In the courts
The problem of mould is being taken seriously by the New South Wales Consumer, Trader and Tenancy Tribunal, as three recent cases demonstrate.
- A tenant and his family moved out after only two nights in a newly-leased property. They testified that mould had caused respiratory problems and skin rashes, which cleared up when they moved out. The tribunal found the property was not fit for habitation, and ordered a refund of their bond and rent paid in advance. As well as the mould, the tenant complained of rodents, food left in the property, a dirty bathroom and debris under and outside the property.
- Landlords who failed to insulate a tin ceiling in an extension were ordered to compensate their tenants $5,400 – or $200 a month for the 27 months spent in the property. The tenants testified they had consistently complained about the roof, with condensation dripping on their furniture, heat of up to 50 degrees in summer and noise during rain so loud it was impossible to have a conversation or watch TV. The landlords claimed they could not afford $2000 in repair costs, but the tribunal found this was irrelevant.

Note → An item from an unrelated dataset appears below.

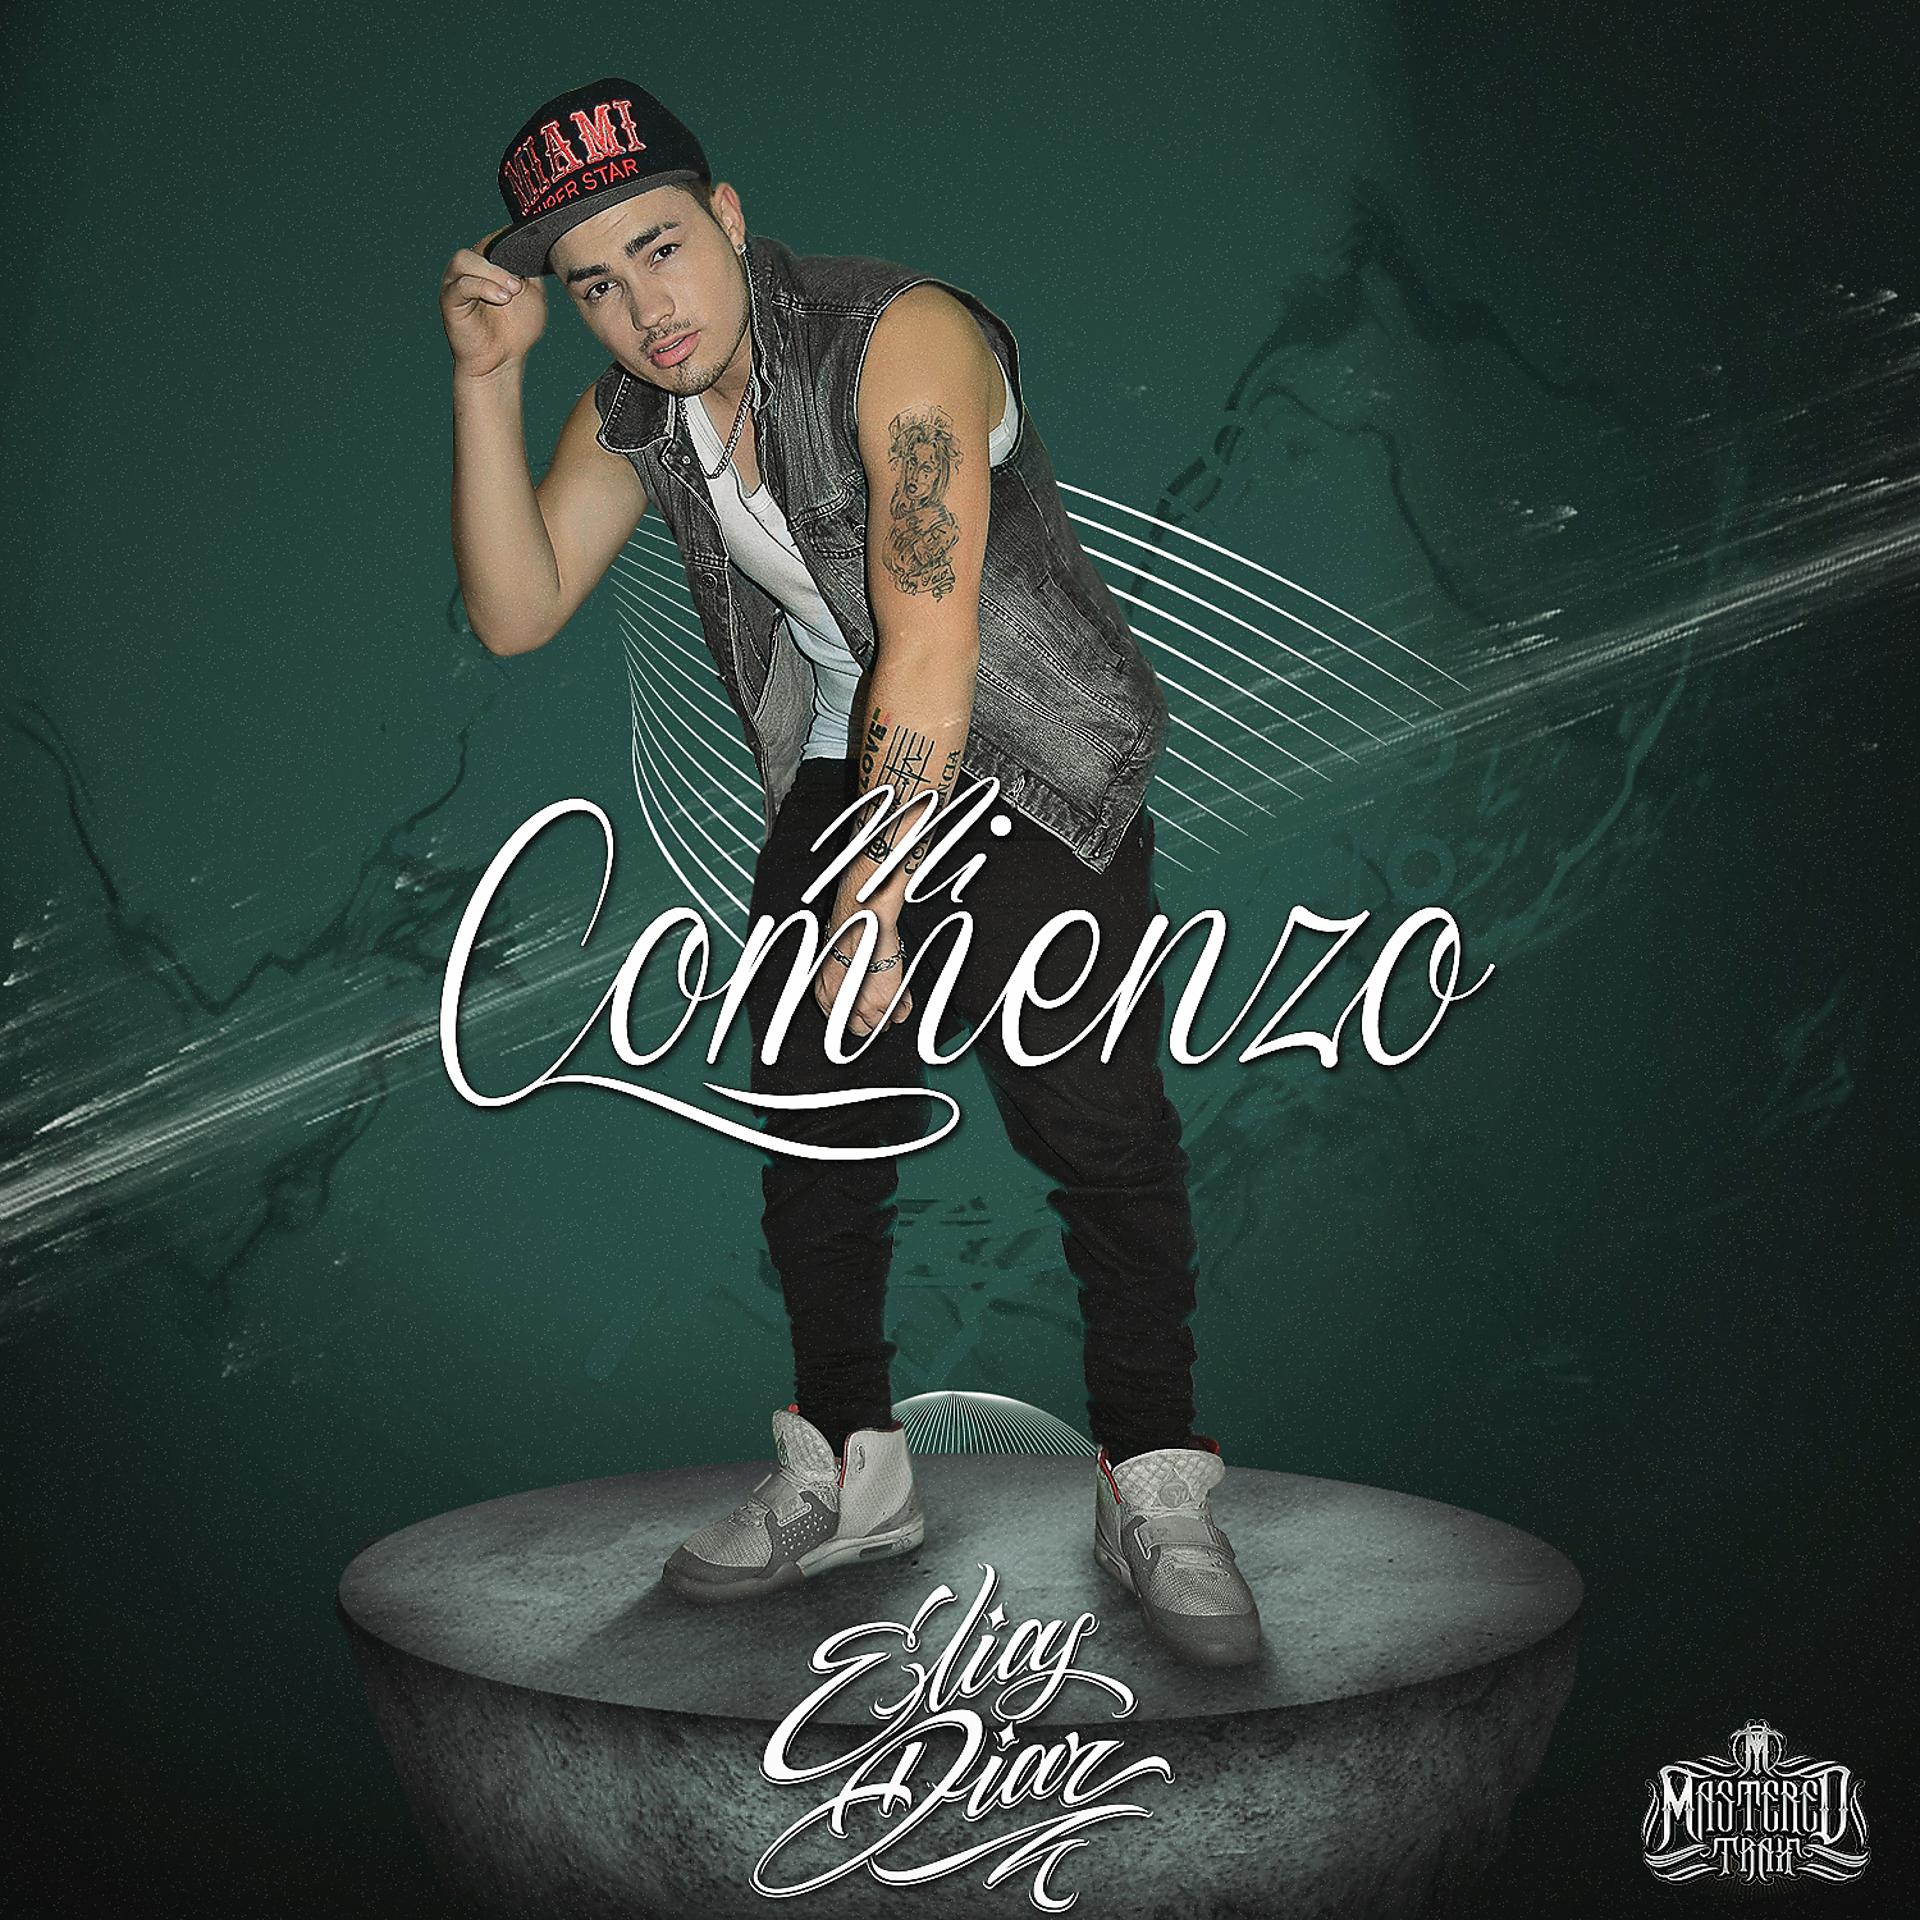 Постер альбома Mi Comienzo

The tribunal awarded some costs of repairing damage against the tenant, however they did not award the full amount quoted as the work in the quotes had not been performed.

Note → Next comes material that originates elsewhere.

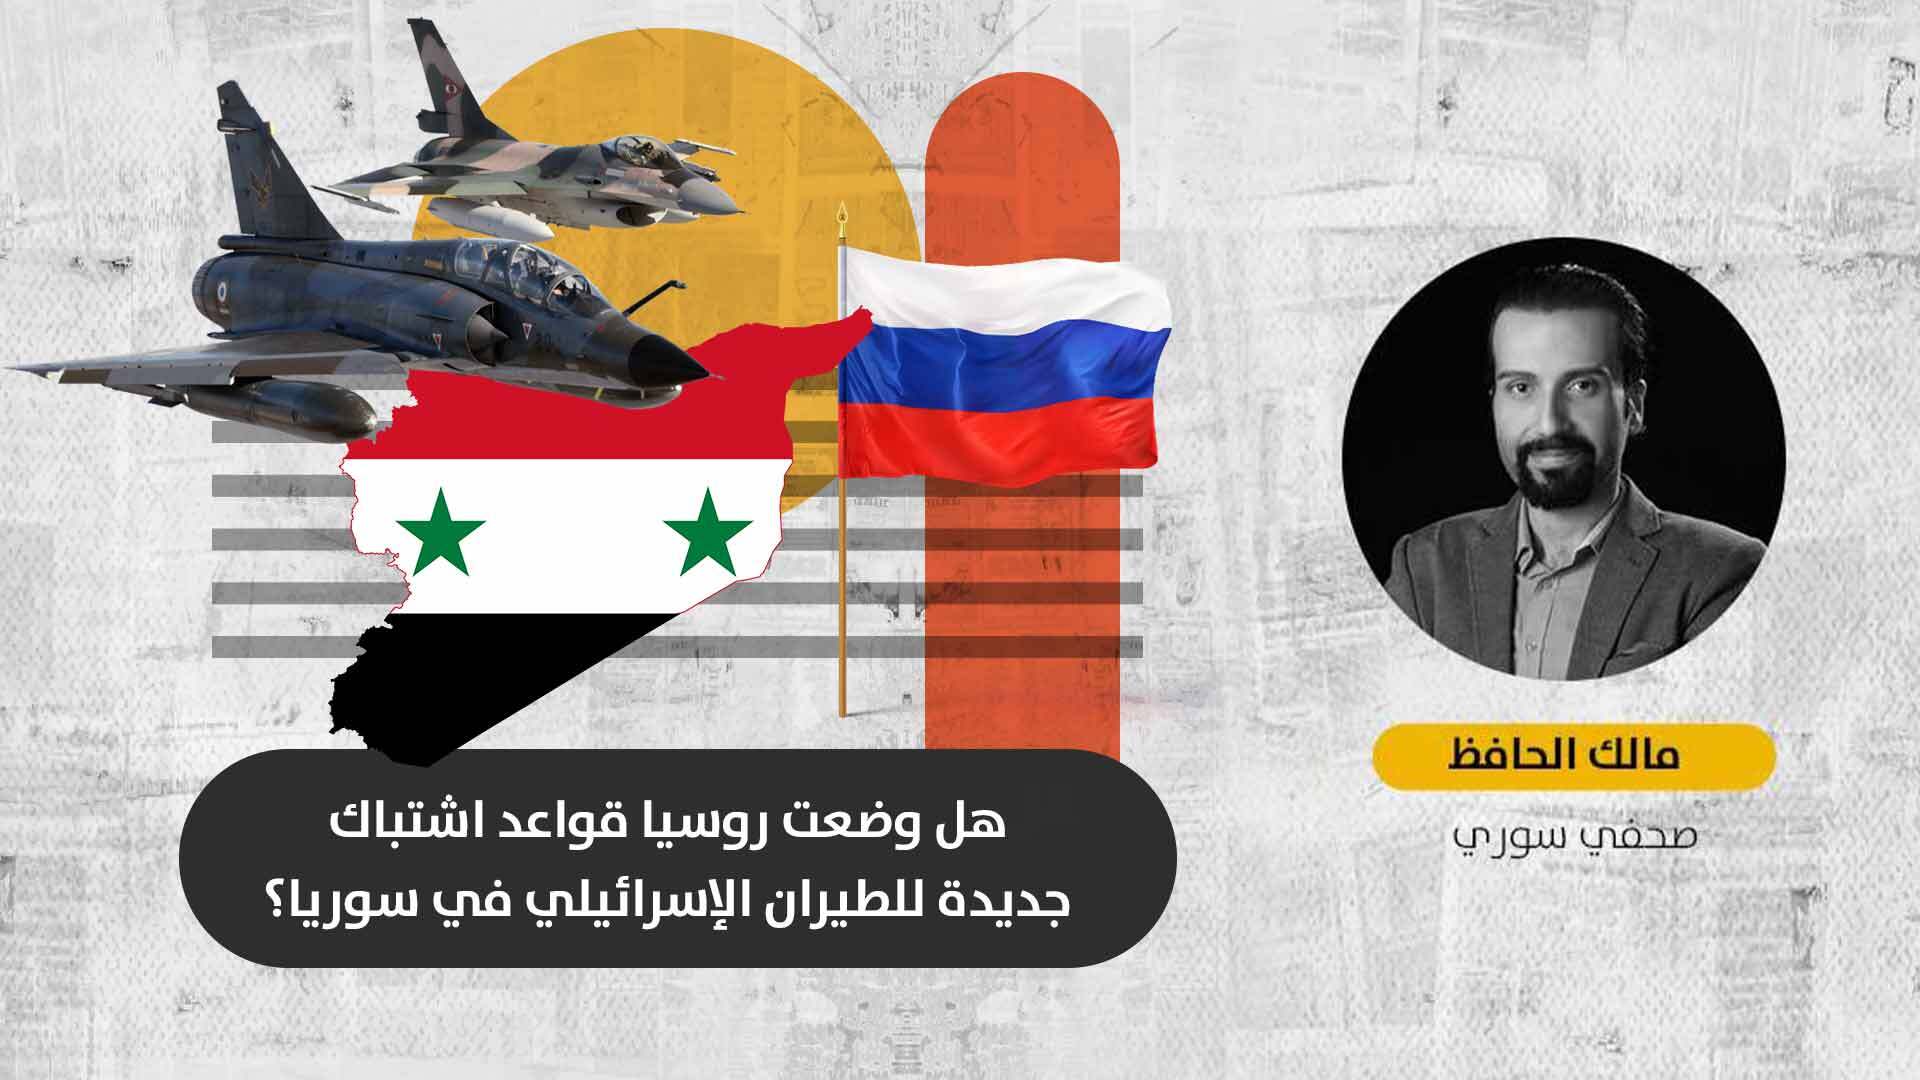 الغارات الإسرائيلية في سوريا: لماذا خرجت موسكو عن صمتها تجاه استهداف القوات النظامية والميلشيات الإيرانية؟

- Tenants were awarded more than $3000 in compensation for a five-month period in which insufficient work was done to prevent or clean up mould. The couple had a one-year-old baby who was particularly prone to health issues, and they frequently complained about the mould. The property manager passed on their concerns to the landlord, and some efforts were made to combat the problem – but these were ineffective. The tribunal also awarded the tenants more than $800 for damage to a change table, furniture and mattress.
A real estate agency, which issued the tenant in a $1500-a-week luxury penthouse with eight breaches for arrears, is not allowed to terminate the lease, according to a ruling from the Queensland Civil and Administrative Tribunal (QCAT).

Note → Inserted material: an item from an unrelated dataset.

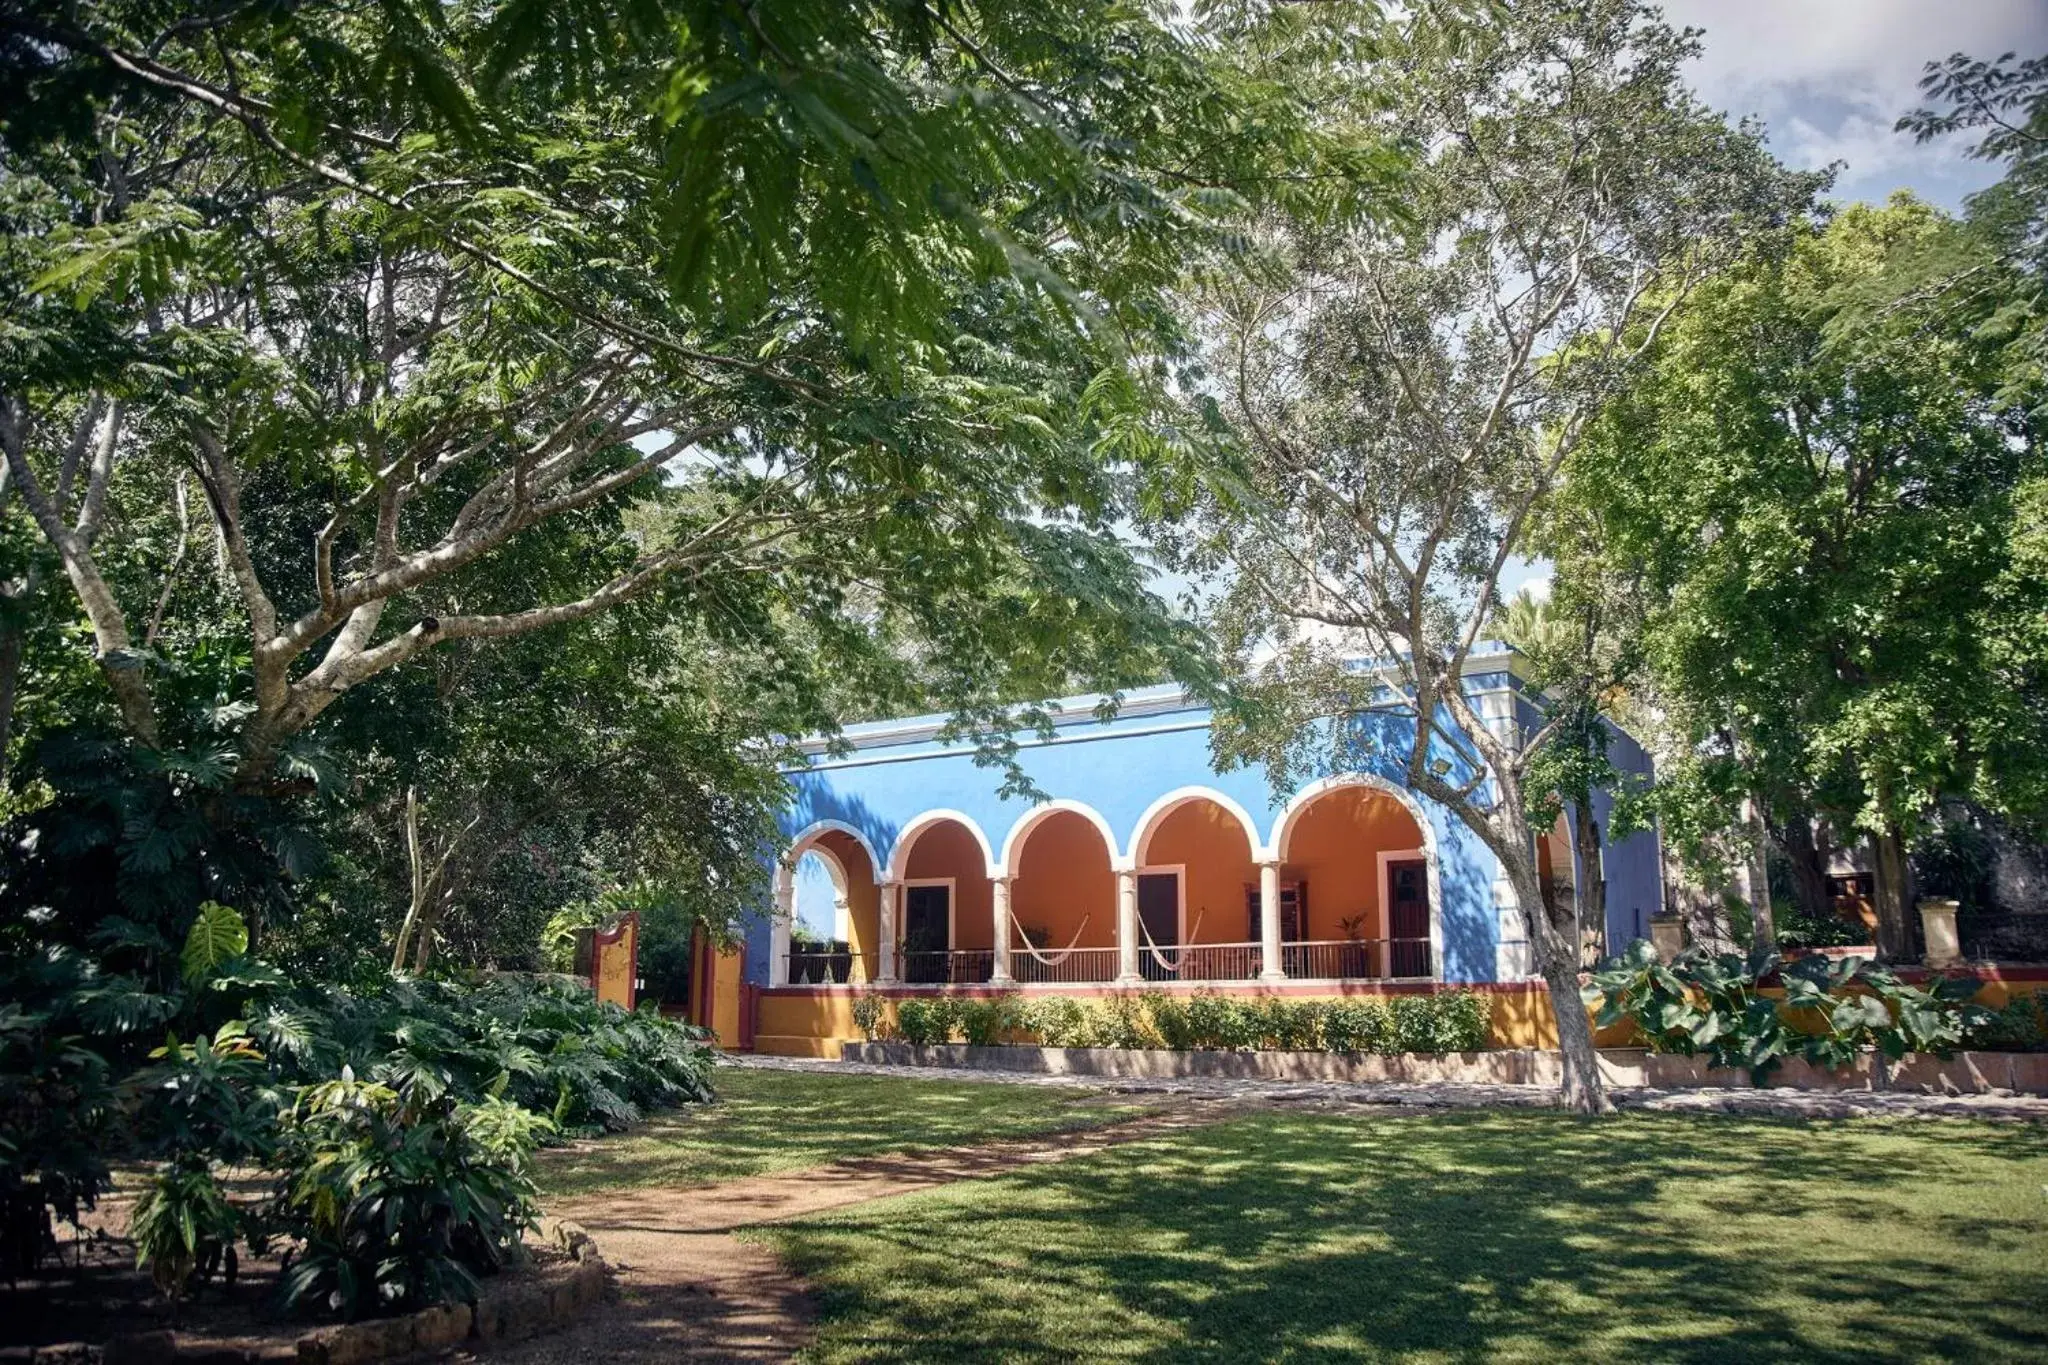 Property Building in Hacienda San Jose

“There’s a common misconception in the industry… Eight breach notices are not more deserving of action than two (required for termination),” the tribunal found.
“If… the lessor allows the breach behaviour to continue past two breaches then the tenant may have a legitimate expectation that the lessor will conduct business this way and that the lessor will tolerate minor breaches.”
However, the tribunal noted that the tenant was now clearly on notice that the rent was expected to be paid promptly “and his failure to do so may not have such a happy outcome for him in the future”.
No signed tenancy agreement, no deal
A Queensland real estate agency has been ordered to refund bond and advance rent taken from prospective tenants who later decided not to sign a tenancy agreement.
The agency argued that a verbal contract was in place, and noted that they had stopped advertising and opening the property, claiming that the tenants had effectively broken the lease.
“If (the agency) proceeded on the assumption that this tenancy was signed, sealed and delivered, when it was not, then that was done at its own risk.”
Estimates insufficient for gas charge
A Victorian tenant has been found not liable for gas charges relating to a hot water service shared by the entire complex.
The Victorian Civil and Administrative Tribunal was not satisfied that an individual meter existed for hot water to the tenant’s home, which did not have its own hot water storage tank.
Even if a separate meter existed, the amount of gas use attributed to the tenant would, at best, be an estimate – and, as such, could not be legally charged to the tenant.